To find the direction of the force exerted on the airplane by the air, we need to consider the forces acting on the airplane. In this case, the airplane is gaining altitude, which means there must be a force pushing it upwards against gravity.

(a) The force exerted on the airplane by the air can be broken down into two components: the vertical force and the horizontal force. The vertical force is responsible for the airplane's upwards acceleration and can be found using Newton's second law, F = ma, where F is the force, m is the mass of the airplane, and a is the upward acceleration.

From the given information, we know that the upward acceleration is 2.3 m/s and the mass of the airplane is 2800 kg. Plugging these values into the equation, we have:

F = m * a
F = 2800 kg * 2.3 m/s^2
F = 6440 N (upwards)

Therefore, the force exerted on the airplane by the air is 6440 N in the upward direction.
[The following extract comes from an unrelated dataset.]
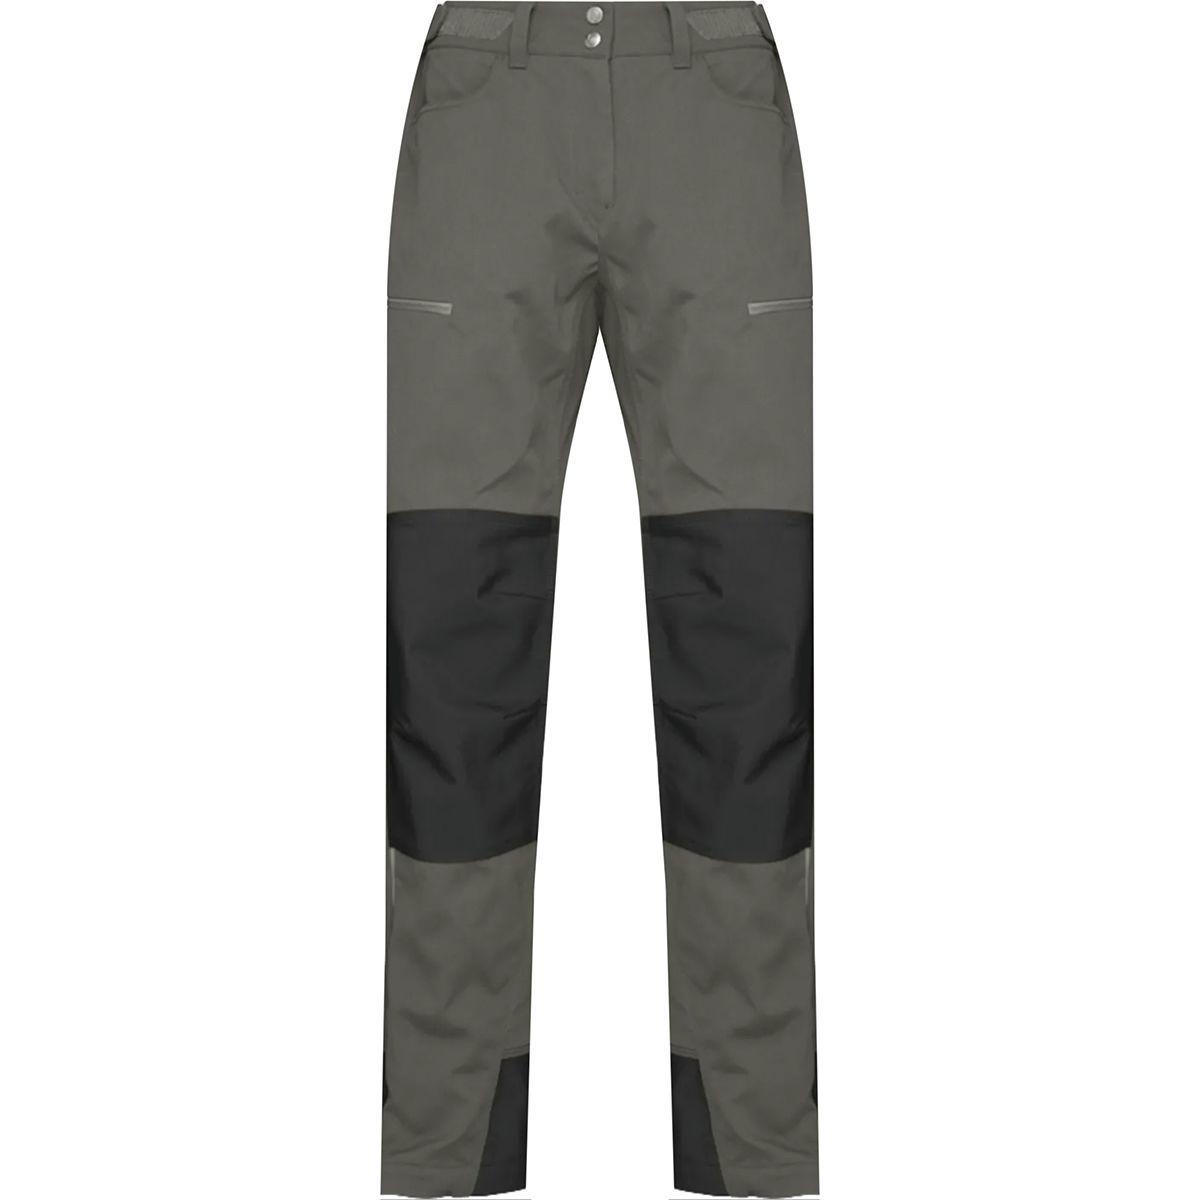 Norrona Svalbard Heavy Duty Pant - Men's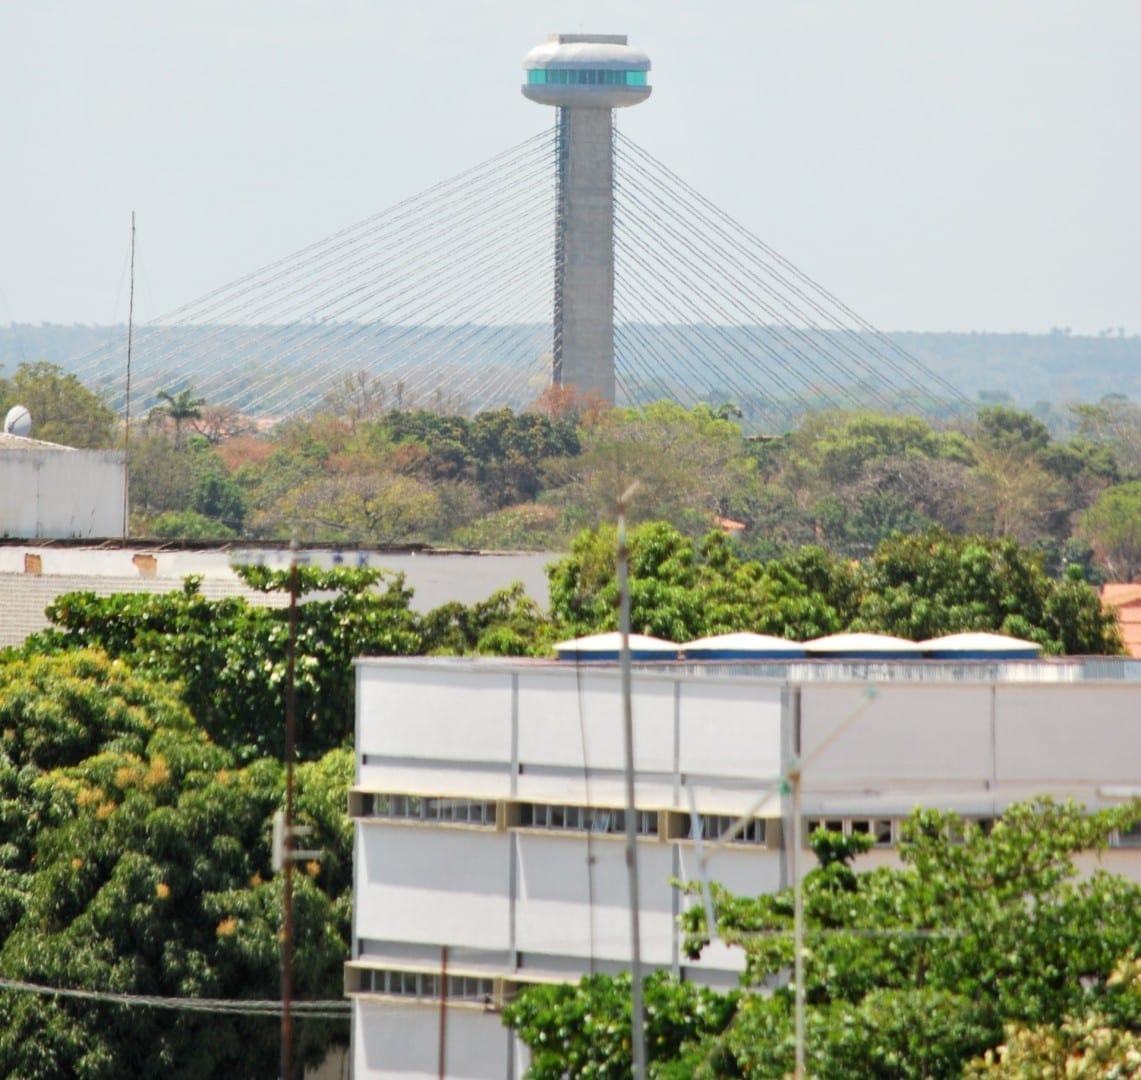 Torre de vigilancia en el Puente del Sesquicentenario Teresina Brasil

(b) To find the horizontal and vertical components of the airplane's acceleration, we need to consider the direction of the force due to the air. According to the question, the force due to the air has the same magnitude as in part (a) but is 2.0ᴼ closer to the vertical.

Let's break down the force due to the air into horizontal and vertical components. We'll label the horizontal component as F_horizontal and the vertical component as F_vertical.

Using trigonometry, we can find the values of F_horizontal and F_vertical:

F_horizontal = F * sin(2.0ᴼ)
F_vertical = F * cos(2.0ᴼ)

Substituting the value of F (6440 N), we have:

F_horizontal = 6440 N * sin(2.0ᴼ)
F_vertical = 6440 N * cos(2.0ᴼ)

Calculating these values, we get:

F_horizontal ≈ 222 N (in the direction closer to the vertical)
F_vertical ≈ 6432 N (in the upward direction)

Therefore, the horizontal component of the airplane's acceleration is approximately 222 N, directed closer to the vertical, and the vertical component of the acceleration is approximately 6432 N, directed upwards.